And what we propose supports both aims - exposing individual agency feeds, some with embedded references to catalogs, and a search/browse facility across this federation to enable broad access. In terms of cart-and-horse, I see the data.gov facilities as a primary means to realize the goals of the Open Data Policy since it supports the pan-governmental view that the .json enabled approach does not support by itself. We can have it both ways with very little extra work. If you read between the lines, CKAN can also expose a filter-driven json feed (or delivery of XML+RDFa files) against all harvested metadata for the whole of government.

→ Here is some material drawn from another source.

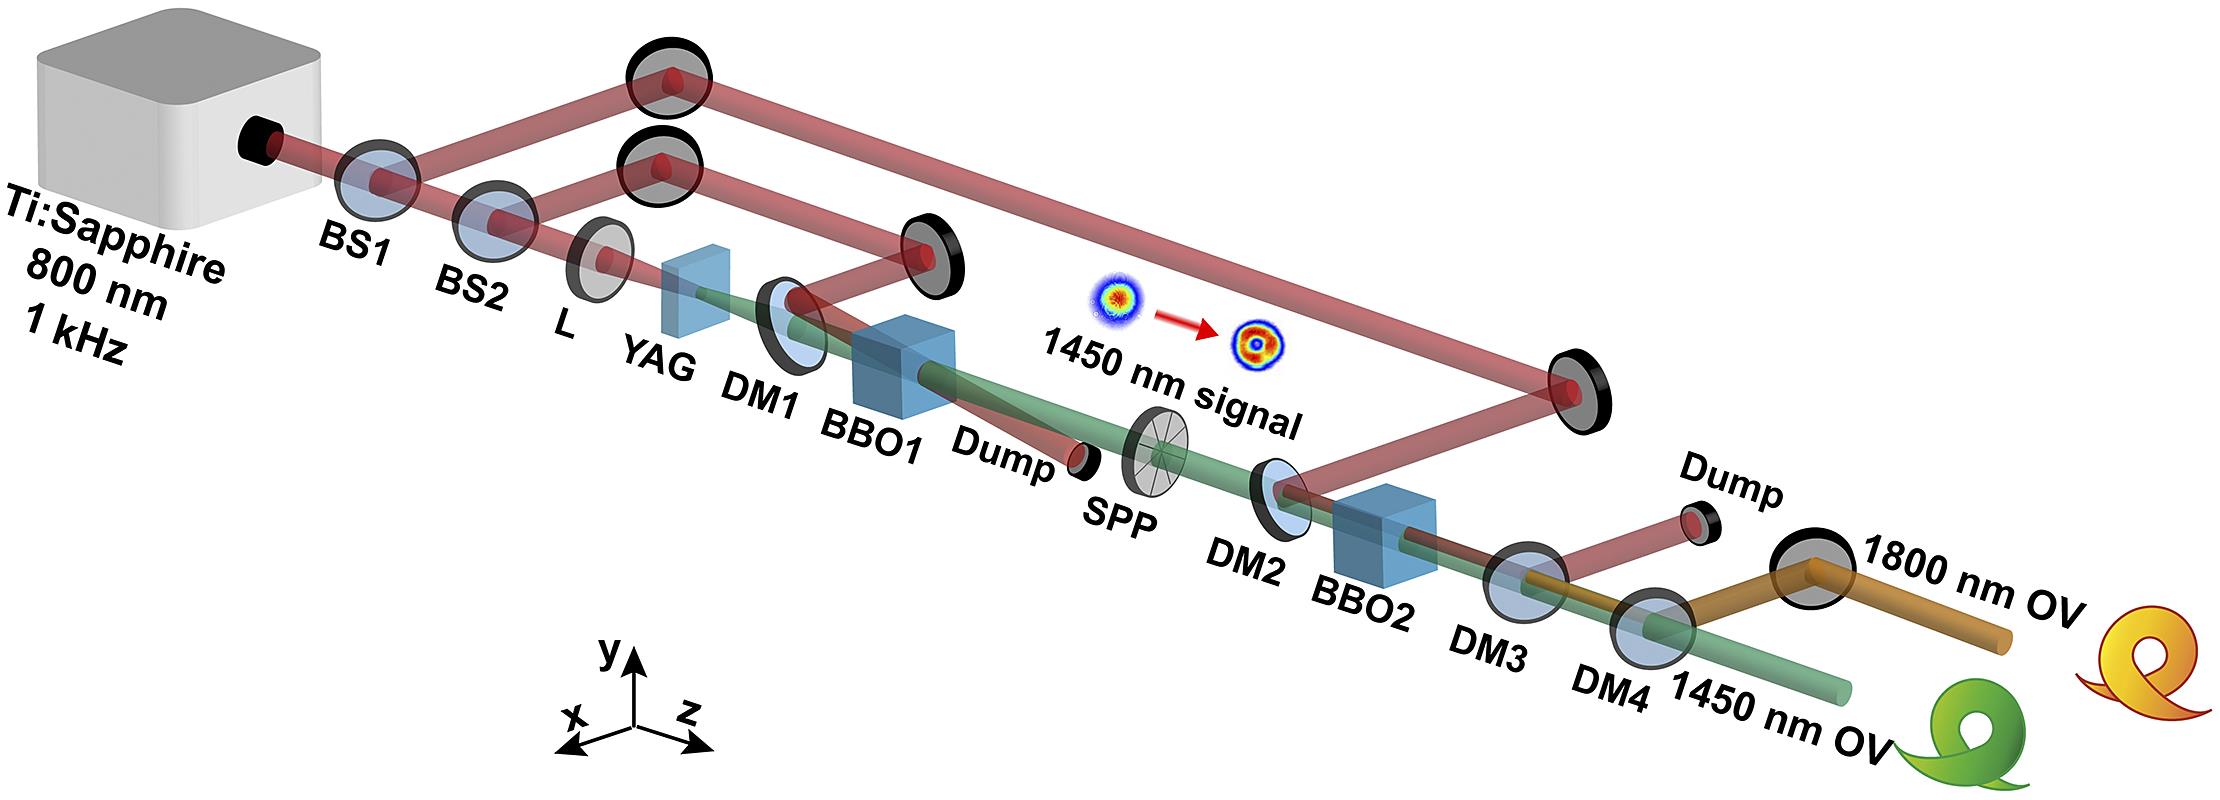 Schematic of the infrared vortex laser system. BS, beam splitter; L, lens; YAG, yttrium aluminum garnet crystal; DM, dichroic mirror; SPP, spiral phase plate; BBO, BaB2O4.

skybristol commented 11 years ago

So, circling back to the original concept posed by @jeffdlb and then built on by @ddnebert, it seems like we have the following two proposals:

1) @jeffdlb - Follow the Project Open Data (POD) JSON schema to provide discovery-level metadata for each discrete dataset but allow a network of nodes within a given agency such that top-level data.json might point to other locations where further "data.json" files could be crawled/aggregated to create the whole.

2) @ddnebert - Allow for the use of not only the POD schema but accept established formal metadata standards in XML (ISO19115/19139 and FGDC CSDGM are mentioned), using the top-level agency data.json as an index/directory pointing to catalog services (CSW) or web accessible folders where such metadata can be harvested.

Those seem to be two widely different proposals (if I've got them right), and I wonder if they don't deserve to be restated to start separate threads for debate.

The comment from @ddnebert above seems to point to Data.gov's CKAN implementation as the solution for OMB scrutiny and any other uses of a simple JSON output of discovery-level metadata, allowing for agencies with formal metadata holdings to simply provide those as their public data listing without "dumbing down" the catalog to the more simple POD attributes.

ddnebert commented 11 years ago

Well stated. I would also add that the CKAN implementation can already support harvest of .json and CSW/WAF. It is a minor tweak to identify catalog references within the agency .json file. We can experiment with exposing the federated catalog (CKAN) as filtered .json for developer access with all entries looking the same yet provide access and indexing of the robust metadata where it exists.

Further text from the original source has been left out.